Your custom models may either have only triangular faces or rectangular. No more than 4 edges and no mixing. For optimal results, tell blender to triangulate the faces on export. That way nothing can go wrong (don't quote me on that xD )
Secondly, the parts of the obj model must not contain a '.' in their name. However, blender does that automatically. Adding just a second cube mesh results in the name Cube.001. Take care to rename them, or the model loader won't be able to parse them. I'd advise the use of underscores.
And lastly: Blender is a bit derpy, and considers two connected vertices (a line) a face. which means that your obj file may contain faces made up of only 2 vertices. Since these aren't really faces, the model loader doesn't like them. And while it may seem like a huge effort to open your .obj file in a texteditor and look for those 'fake'-faces, they are always at the bottom of the faces of each object, because blender sorts faces by the amount of vertices.
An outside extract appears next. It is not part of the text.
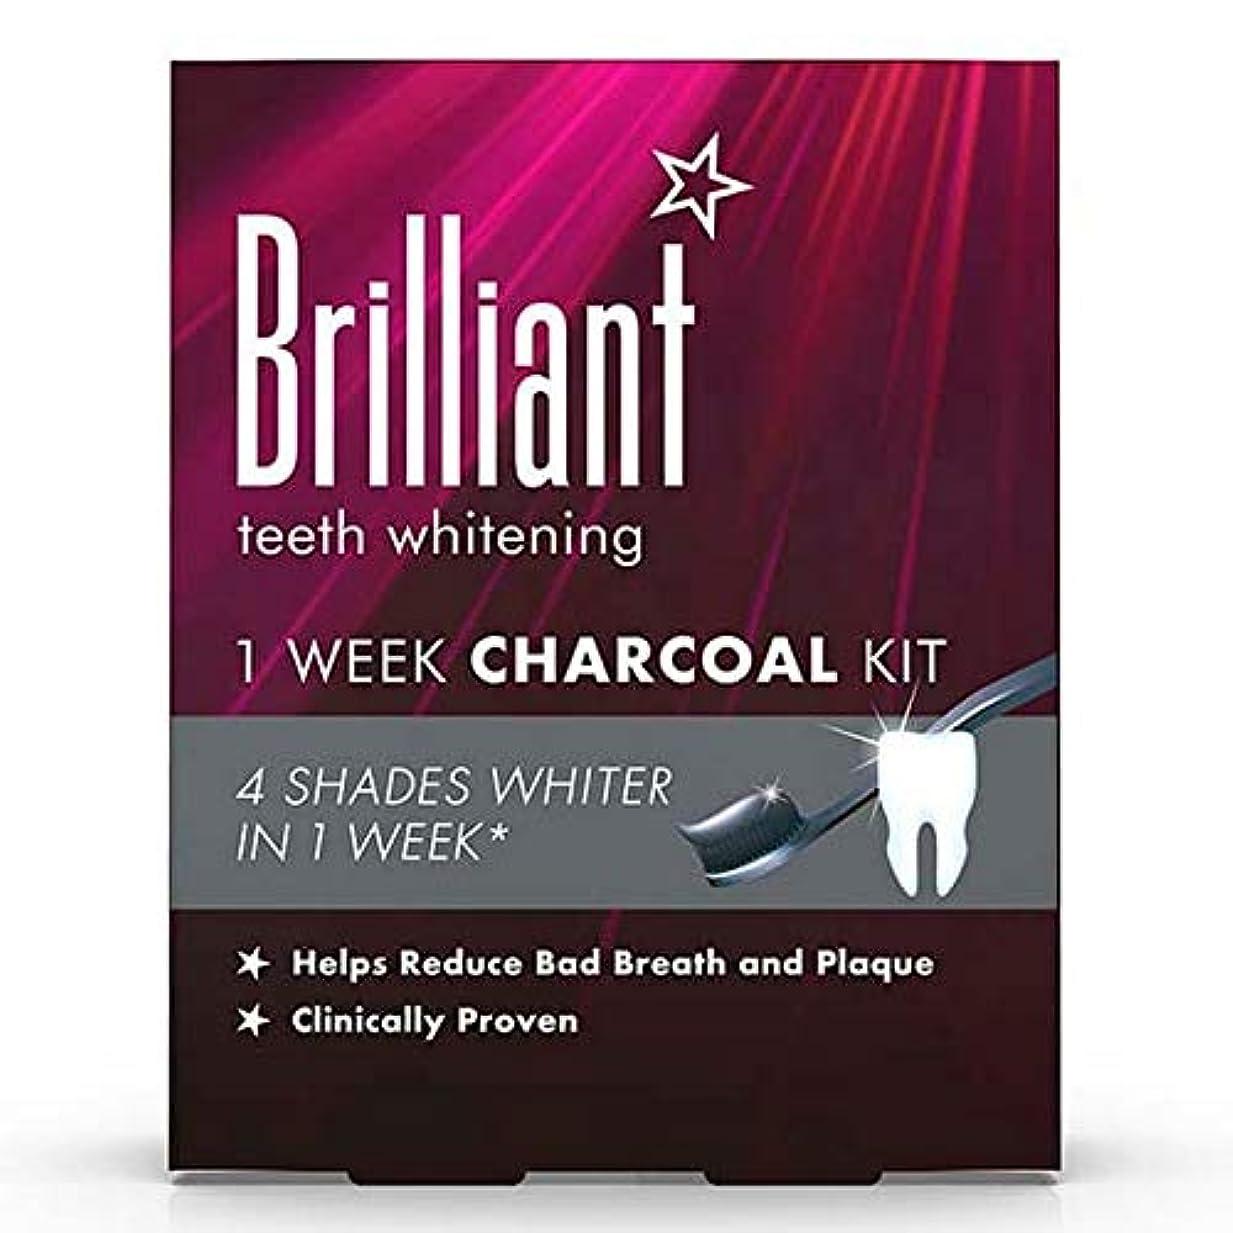 カルシウム拡張ベリ[Brilliant ] 華麗なホワイトニング1週間木炭キット - Brilliant Whitening 1 Week Charcoal Kit [並行輸入品]

These thankfully don't occur to often, ideally never, if you know what you're doing on modelling and you don't leave "residue" vertices

Bugs

That way nothing can go wrong


If it does, however happen, please submit a bug report.
The most ideal way to do that is on my GitHub:
For 1.6.4
For 1.7.2
If you don't wanna do it there, post it in this thread, however I look here less than on GitHub.
Either way, make sure that you include in your report:
The Version of Minecraft, of Forge and the Crash Report (if you got one) as well as other mods you installed.

Legal Stuff
This mod is licensed under Creative Commons 3.
Short Version: You are free to use this mod and it's code, but be so kind as to say where you got it ;D
Also, you are free to use this in any modpack. Enjoy yourselves!